Leave the pictures out and repeat the rest of the data below exactly.

[Data shown Boundary: Start]

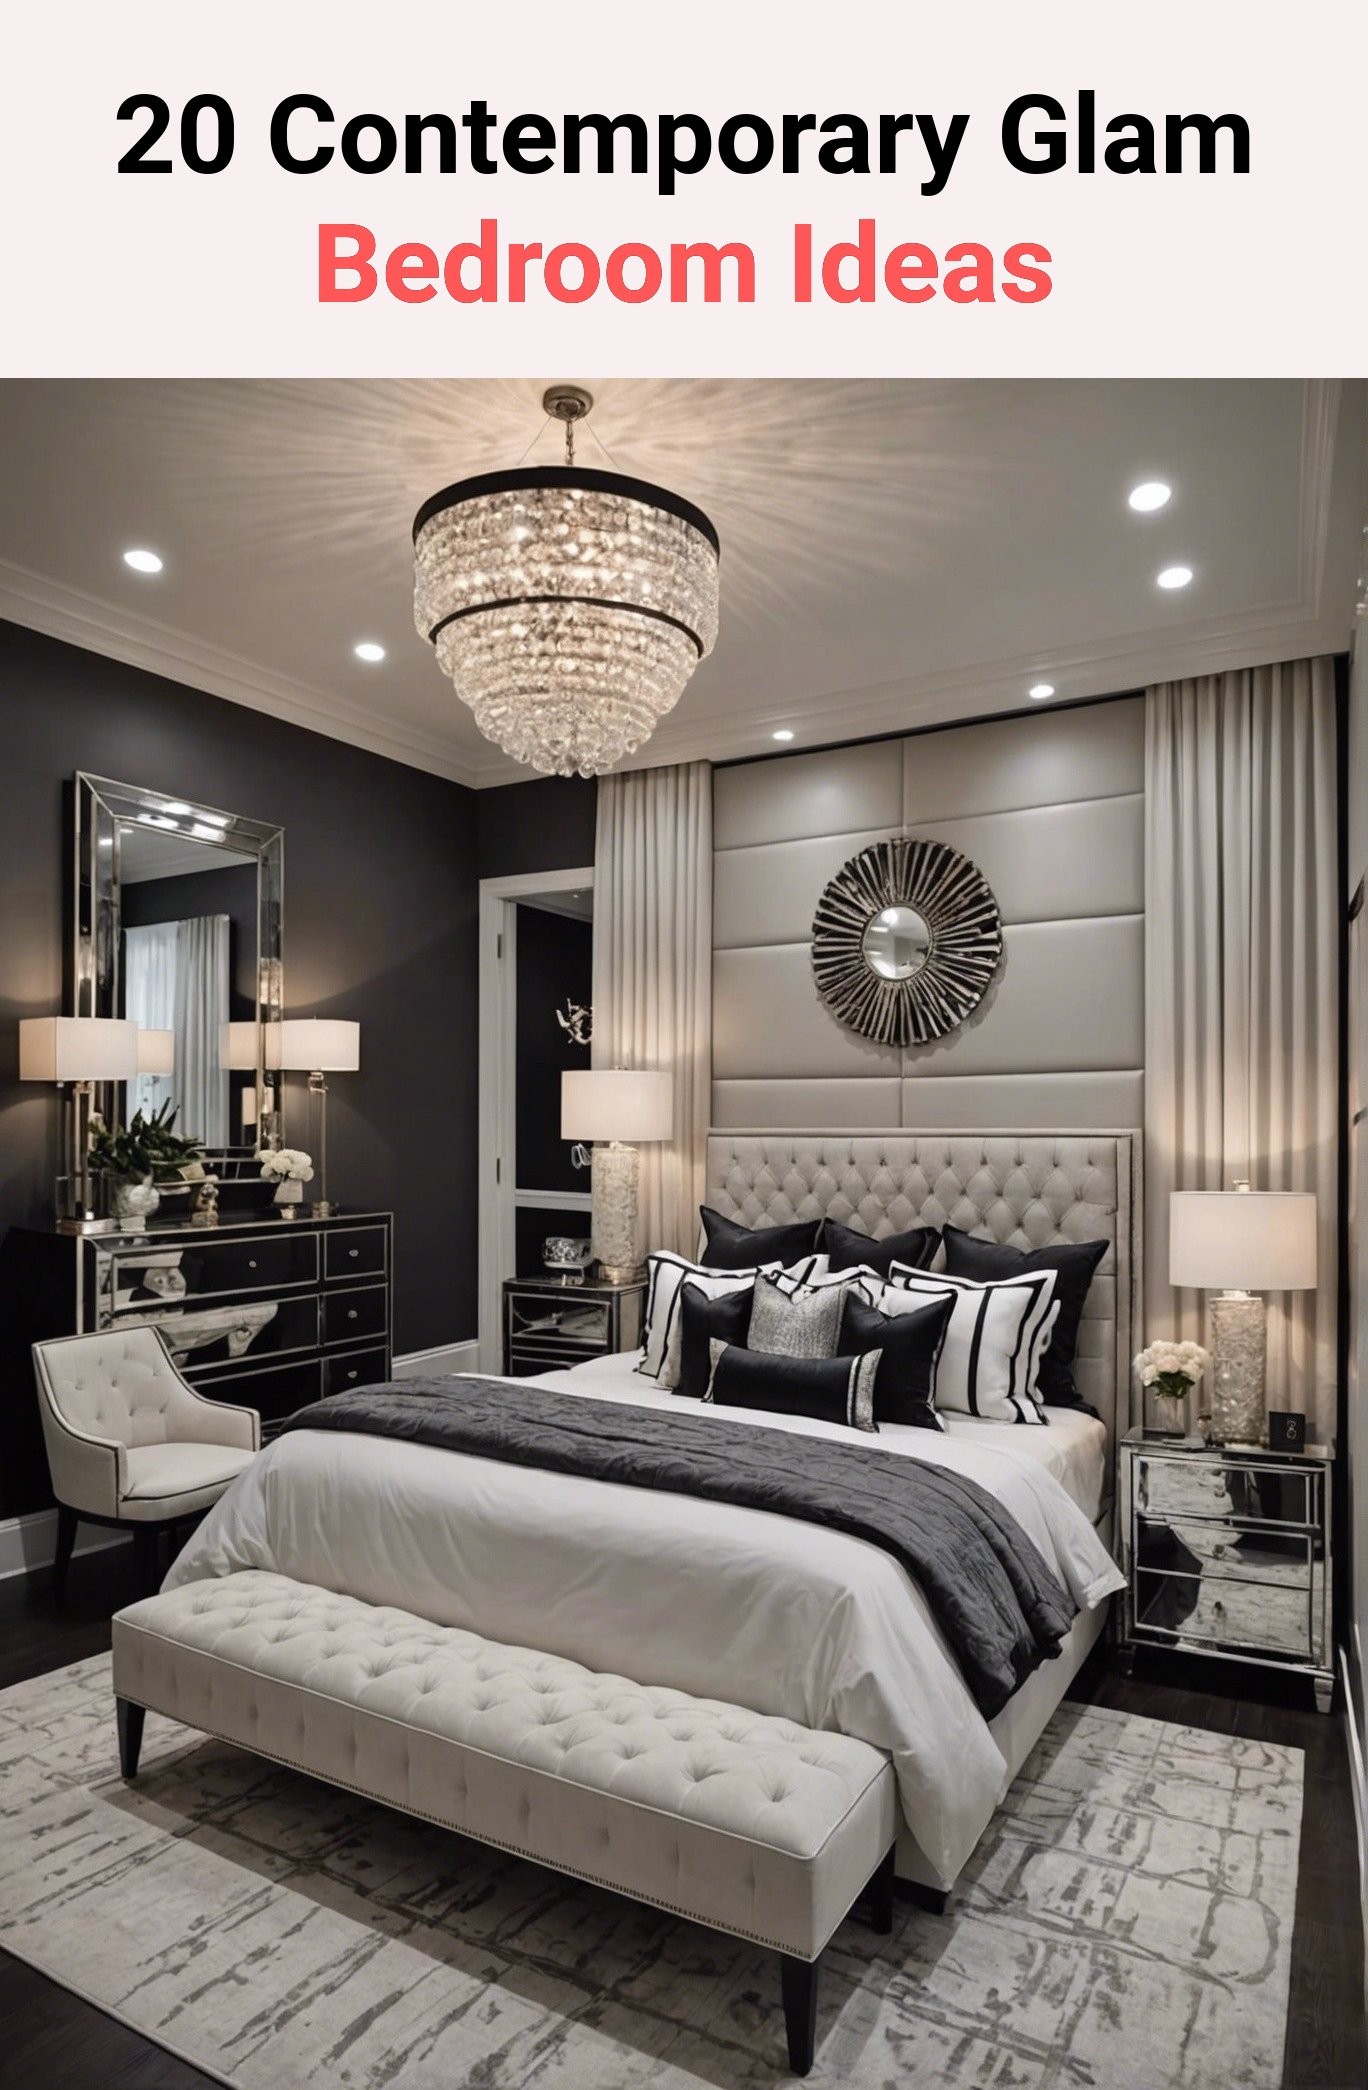 20 Contemporary Glam Bedroom Ideas
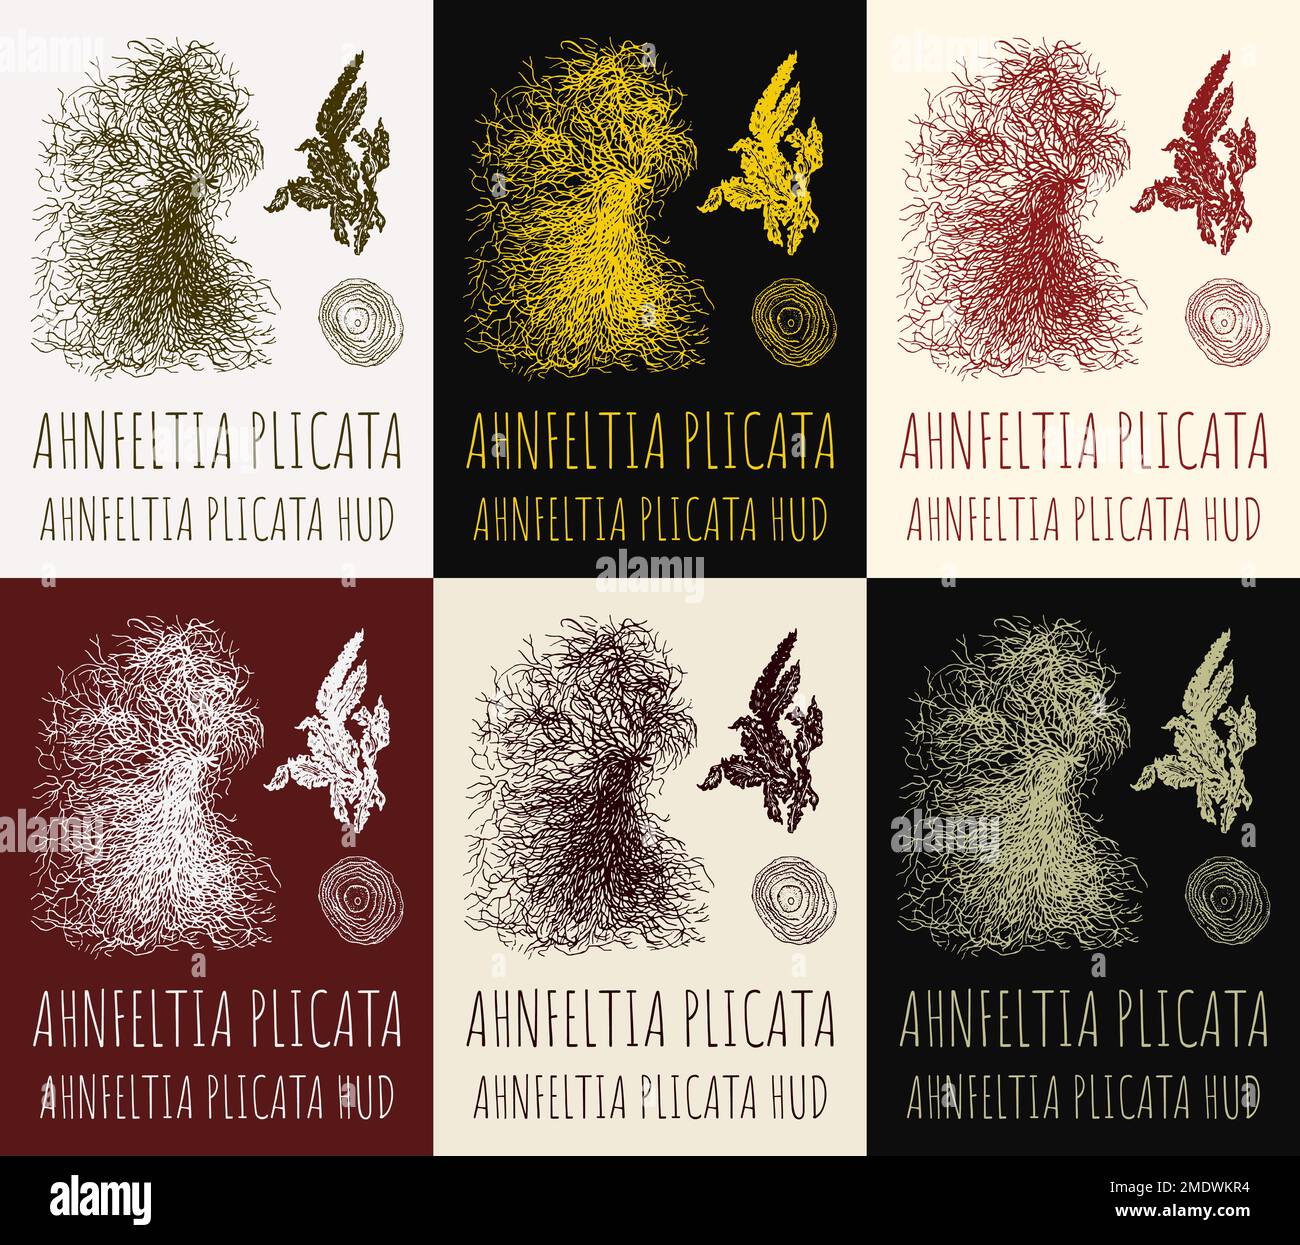 Set of drawings AHNFELTIA in different colors. Hand drawn illustration. Latin name AHNFELTIA PLICATA HUD. Stock Photo
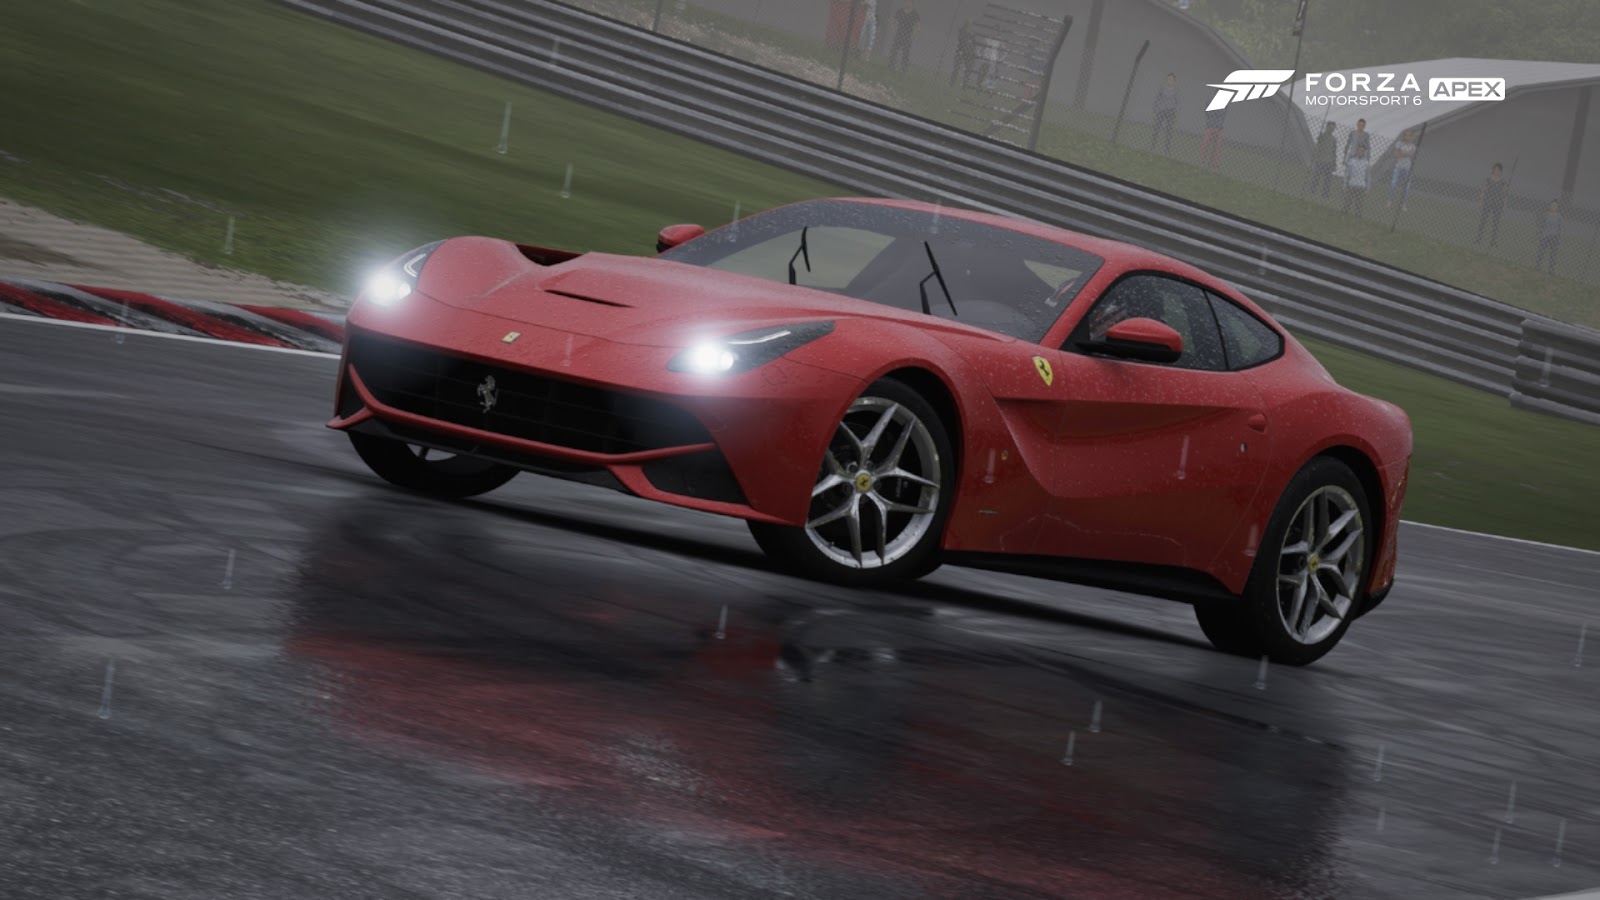 Forza motorsport 7 системные

[Data shown Boundary: End]

(The completed task)
 20 Contemporary Glam Bedroom Ideas
 Set of drawings AHNFELTIA in different colors. Hand drawn illustration. Latin name AHNFELTIA PLICATA HUD. Stock Photo
 Forza motorsport 7 системные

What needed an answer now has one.